Calculate the moment of Inertia for a ring with a mass 0.715 kg, an inner radius of 10.7 cm and an outer radius of 12.7 cm.
m•(R² + r ²)/2
I=0.5*M*(R^2+r^2)
I=0.5*0.715kg*[(12.7cm)^2+(10.7cm)^2]
I=98.6 kg*cm^2
Oh, I love a good physics problem! Let's calculate the moment of inertia for this ring.
First, we need to remember the formula for the moment of inertia of a ring:
I = (m * (r_outer^2 + r_inner^2)) / 2
where I is the moment of inertia, m is the mass, r_outer is the outer radius, and r_inner is the inner radius.
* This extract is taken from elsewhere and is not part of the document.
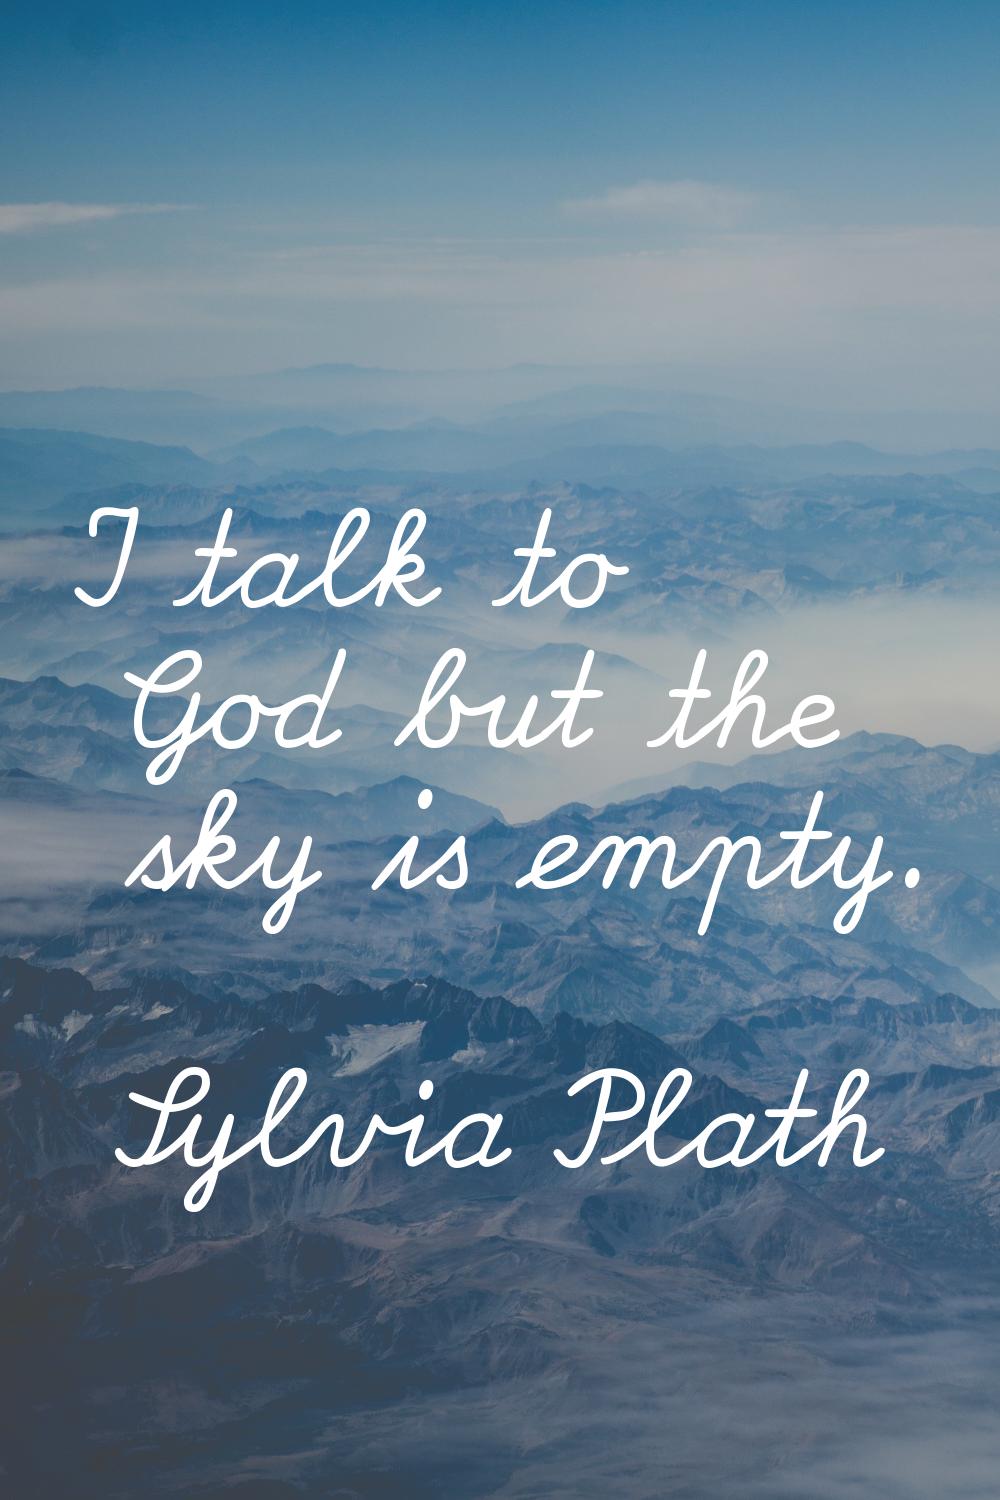 I talk to God but the sky is empty.
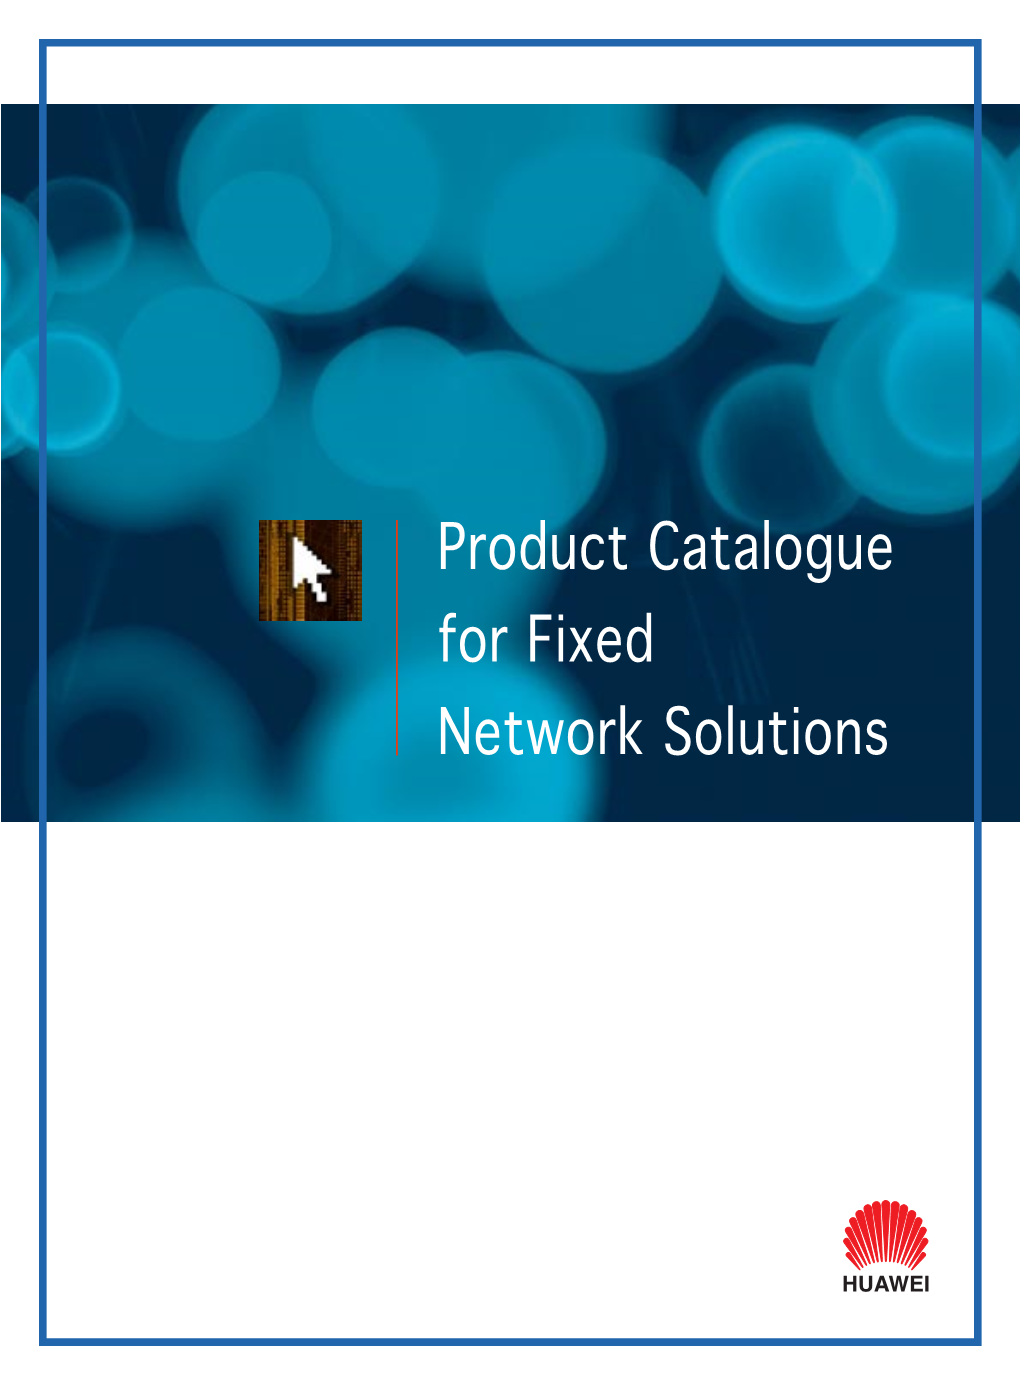 Product Catalogue for Fixed Network Solutions

Plugging in the values we have:
I = (0.715 kg * ((0.127 m)^2 + (0.107 m)^2)) / 2
Calculating that out, we get:
I ≈ 0.019 kg·m²
So, the moment of inertia for this ring is approximately 0.019 kg·m². Just remember to keep that number safe because the moment of inertia can be quite moody without proper supervision.
To calculate the moment of inertia for a ring, we can use the formula:
I = (m * (r_outer^2 + r_inner^2)) / 2
Where:
- I is the moment of inertia
- m is the mass of the ring
- r_outer is the outer radius of the ring
- r_inner is the inner radius of the ring
Let's plug in the values:
m = 0.715 kg
r_outer = 12.7 cm = 0.127 m
r_inner = 10.7 cm = 0.107 m
I = (0.715 * (0.127^2 + 0.107^2)) / 2
Now we can solve this equation to find the moment of inertia.
To calculate the moment of inertia of a ring, we can use the formula:
I = (m * (r_outer^2 - r_inner^2)) / 2
where:
I = moment of inertia
m = mass of the ring
r_outer = outer radius of the ring
r_inner = inner radius of the ring
Let's plug in the given values:
m = 0.715 kg
r_outer = 12.7 cm = 0.127 m
r_inner = 10.7 cm = 0.107 m
Now we can substitute these values into the formula:
I = (0.715 kg * (0.127 m)^2 - (0.107 m)^2) / 2
Calculating the values inside the parentheses:
I = (0.715 kg * (0.016129 m^2) - (0.011449 m^2)) / 2
I = (0.011588 m^2 - 0.000131 m^2) / 2
I = 0.011457 m^2 / 2
Finally, calculating the moment of inertia:
I = 0.0057285 kg * m^2
Therefore, the moment of inertia for the given ring is approximately 0.0057285 kg * m^2.